直近の株高の背景となっている円安ですが、その要因は、国内要因と国外要因に大きく分けられます。国内要因はいわゆる「アベノミクス」と呼ばれる新政権の政策スタンス(積極財政と金融緩和拡大)への観測で、「円売り要因」です。国外要因については、米中をはじめとする世界景気の回復傾向や、欧米の財政問題の動向、海外中銀の金融政策などのリスクオンの動き、つまり、「米ドル(ユーロ、豪ドル)買い要因」です。

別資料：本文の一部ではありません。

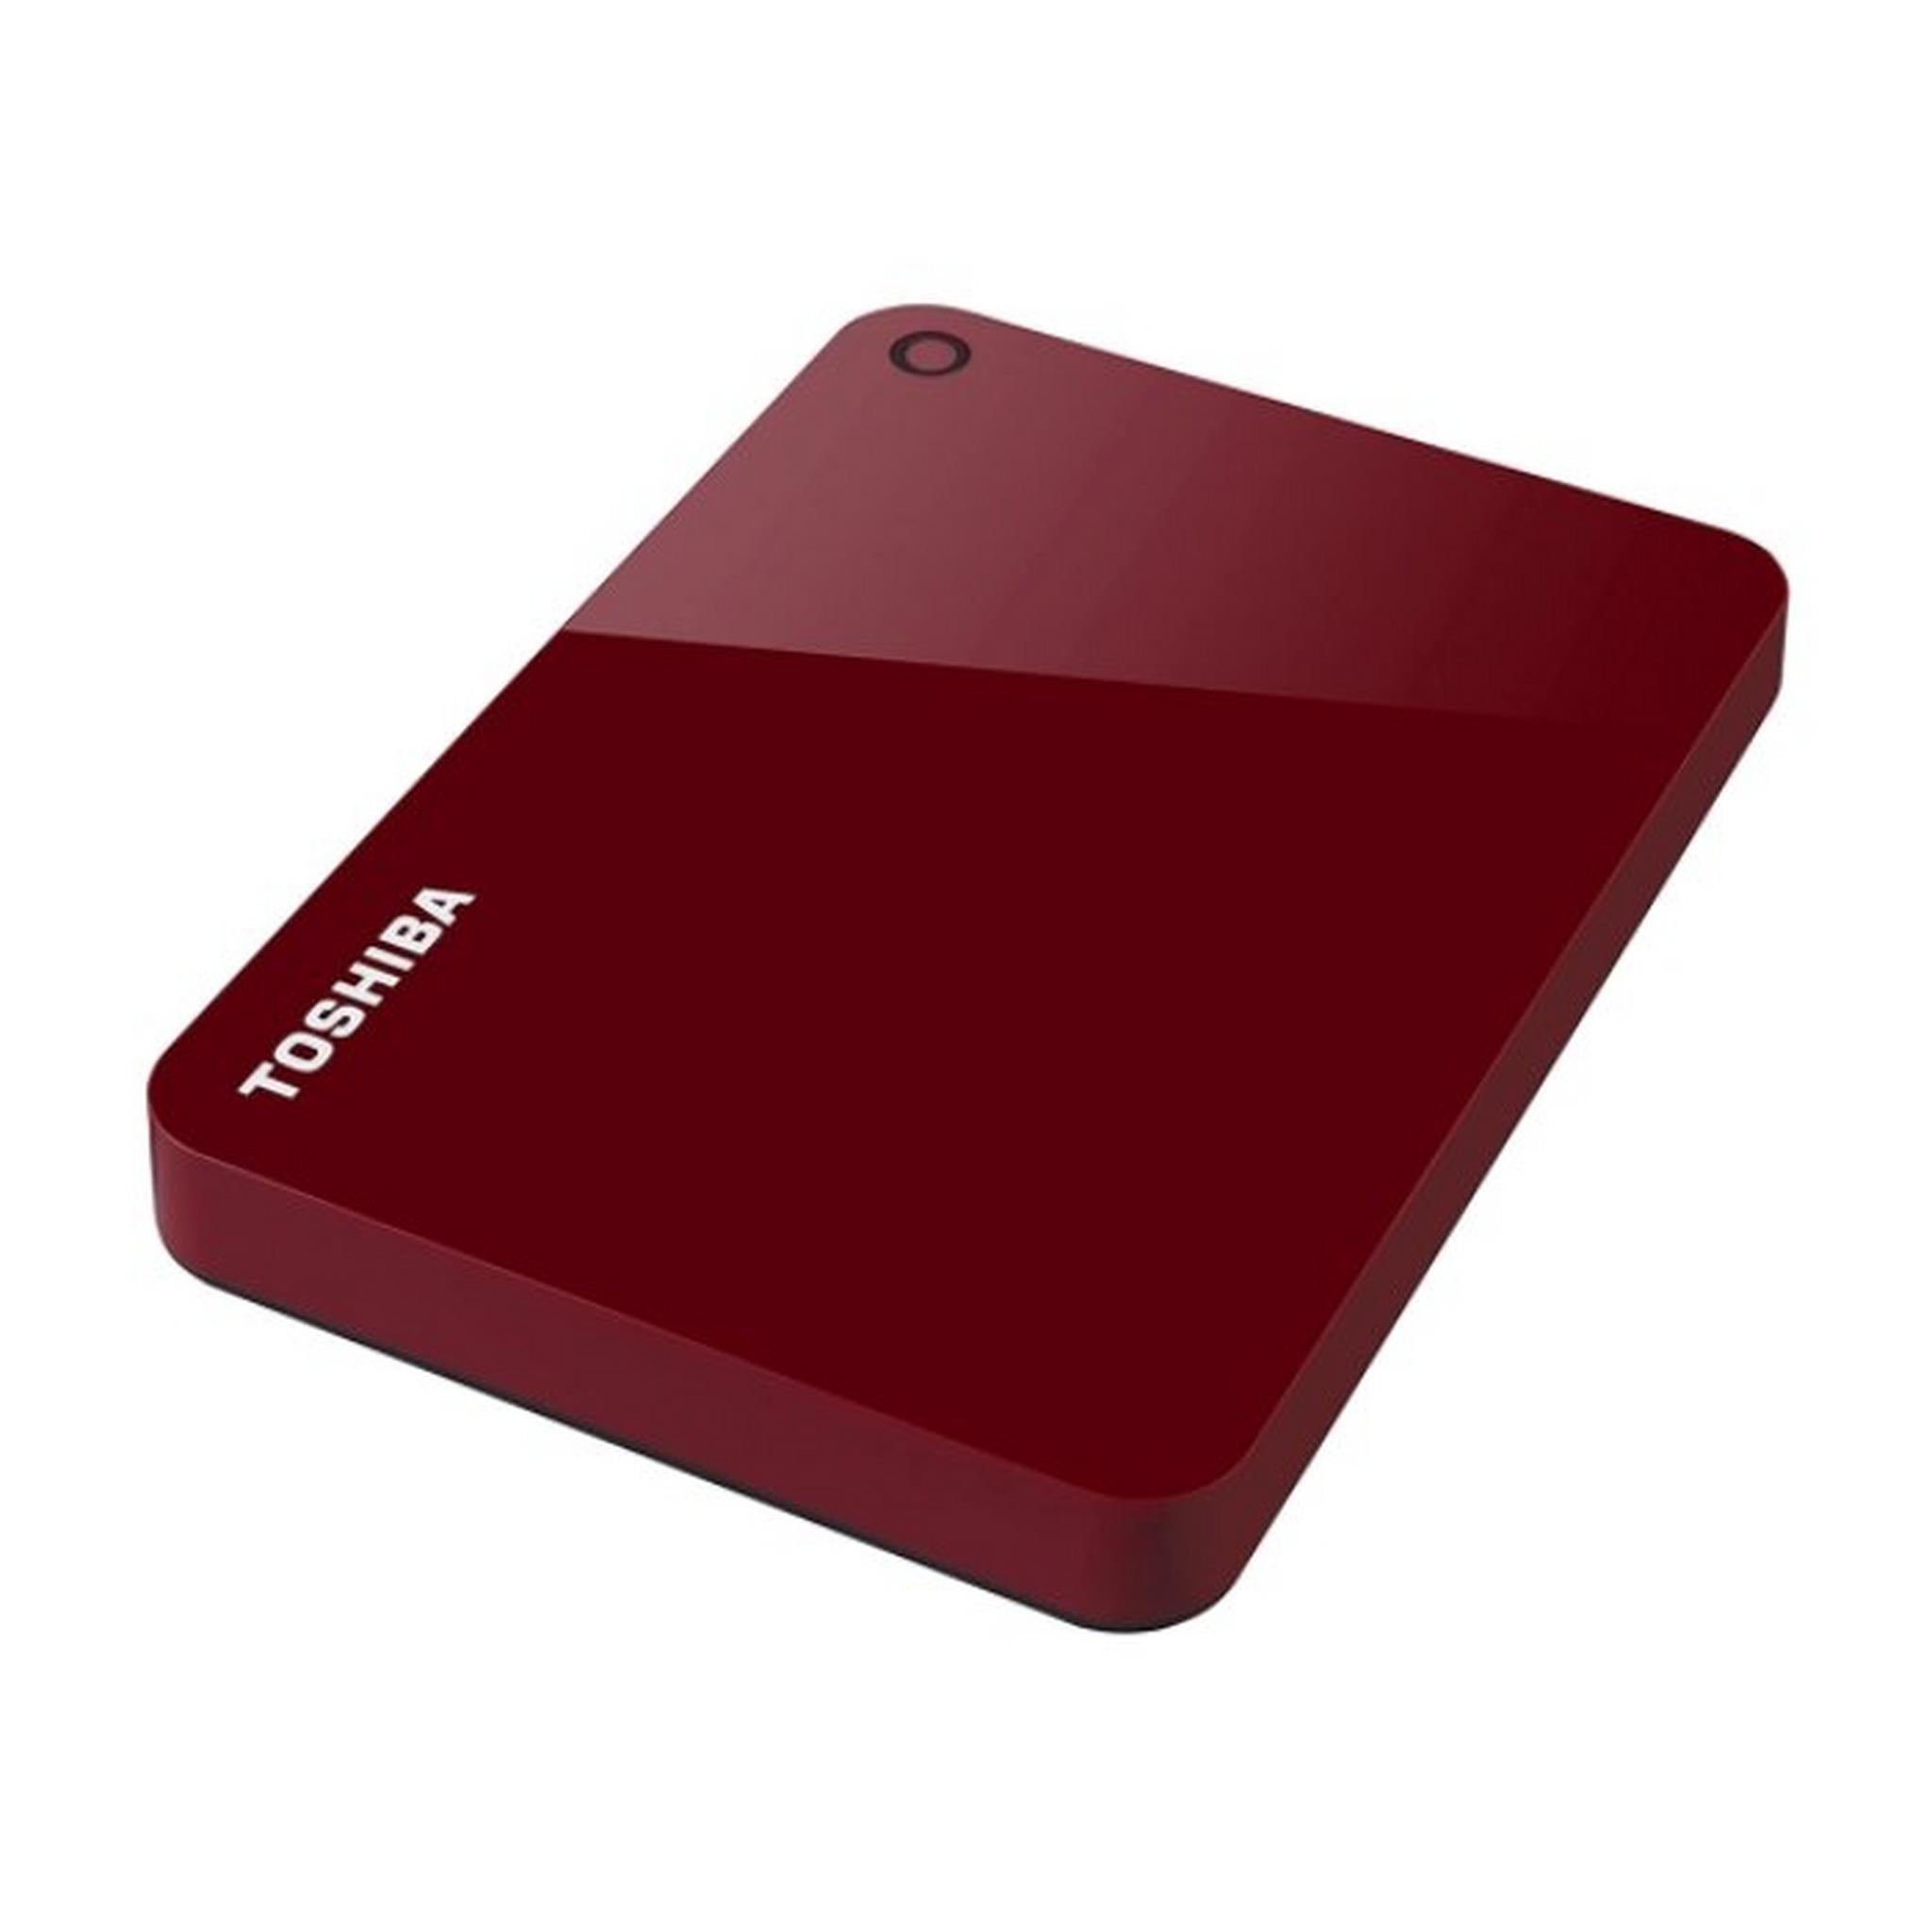 Toshiba Canvio Advance 2TB External Hard Drive - Red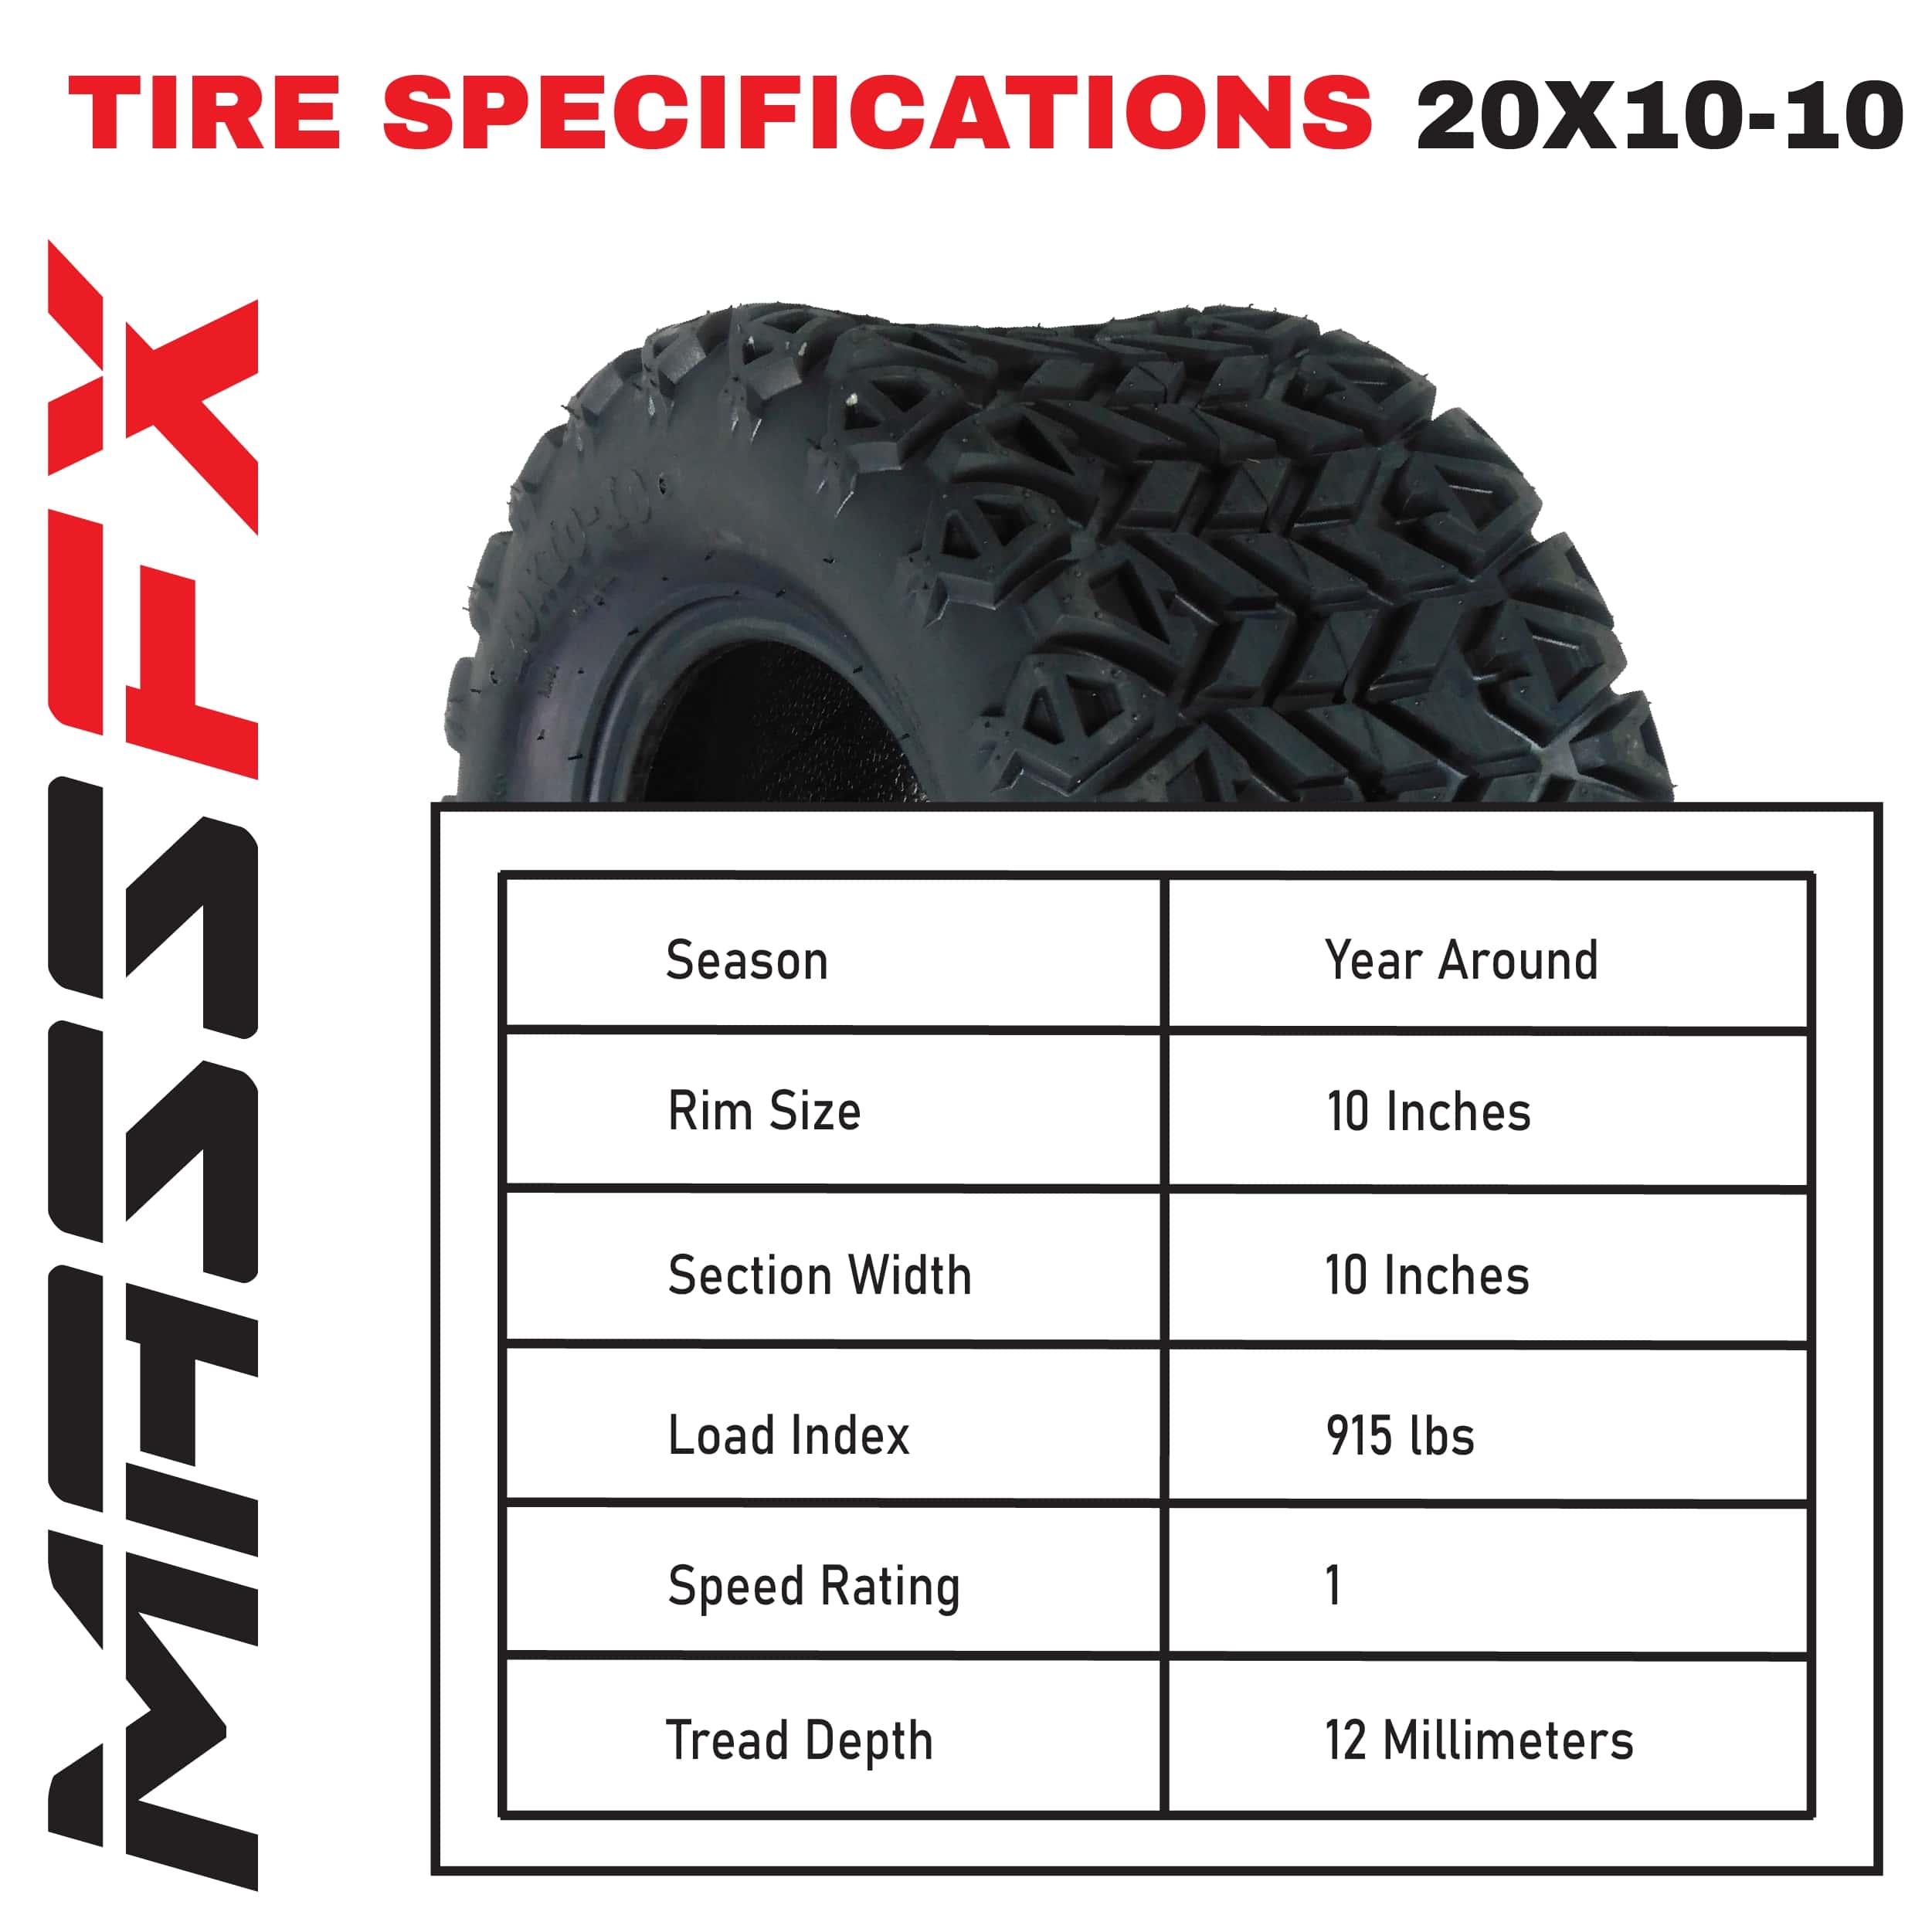 MASSFX SL201010(x4) 4 PLY Golf Cart Turf Tires 20x10-10, Set of four (4) Tires

米ドルに限らず、12月の為替市場は総じて円安が進行しましたが、これら国内外の材料が出揃ったことによるものです。これまでも国外要因によるリスクのオンとオフ、特にリスクオフによる円高の動きが目立っていましたが、国外のリスクオンに加え、国内の強力な円売り要因が加わったことで、「現状に大きな変化がない限りは円安傾向が続くだろう」という見通しにつながったと思われます。
3.今後注目する投資先
今回 | 前回 | 差 | |
---|---|---|---|
アメリカ | 40.59% | 35.33% | ↑ 5.26% |
EU諸国 | 10.28% | 7.04% | ↑ 3.24% |
ブラジル | 27.37% | 26.50% | ↑ 0.87% |
ロシア | 10.81% | 9.28% | ↑ 1.53% |
インド | 36.72% | 34.73% | ↑ 1.99% |
中国 | 11.88% | 9.28% | ↑ 2.60% |
中東・北アフリカ | 7.48% | 8.23% | ↓△ 0.76% |
東南アジア | 50.33% | 53.89% | ↓△ 3.56% |
中南米 | 10.41% | 10.63% | ↓△ 0.21% |
東欧 | 4.67% | 4.34% | ↑ 0.33% |
4.今後注目する投資商品
今回 | 前回 | 差 | |
---|---|---|---|
国内株式 | 77.30% | 76.65% | ↑ 0.66% |
外国株式 | 27.24% | 24.85% | ↑ 2.39% |
投資信託 | 34.45% | 30.69% | ↑ 3.76% |
ETF | 16.02% | 13.77% | ↑ 2.25% |
FX(外国為替証拠金取引) | 17.89% | 19.01% | ↓△ 1.12% |
国内債券 | 7.08% | 5.99% | ↑ 1.09% |
海外債券 | 11.62% | 11.68% | ↓△ 0.06% |
金 | 20.03% | 18.56% | ↑ 1.46% |
原油 | 4.67% | 5.69% | ↓△ 1.02% |
商品 | 4.81% | 3.44% | ↑ 1.36% |
REIT | 16.02% | 12.13% | ↑ 3.90% |
CFD | 1.74% | 2.69% | ↓△ 0.96% |
「DI(Diffusion Index)」とは
景気判断に用いられる諸指標を選定し、現状認識がどちらの方向に向いているかを示す指数。『楽天DI』では、日銀短観と同じ計算方法を採用し、「(強気回答数-弱気回答数)÷全回答数×100」、「(円安回答数-円高回答数)÷全回答数×100」で算出いたします。
【各指標の見方は以下の通りです。】
日経平均 DIがプラス→強気、DIがマイナス→弱気
為替 DIがプラス→円安、DIがマイナス→円高
すべての回答が中立だった場合、DIは0となります。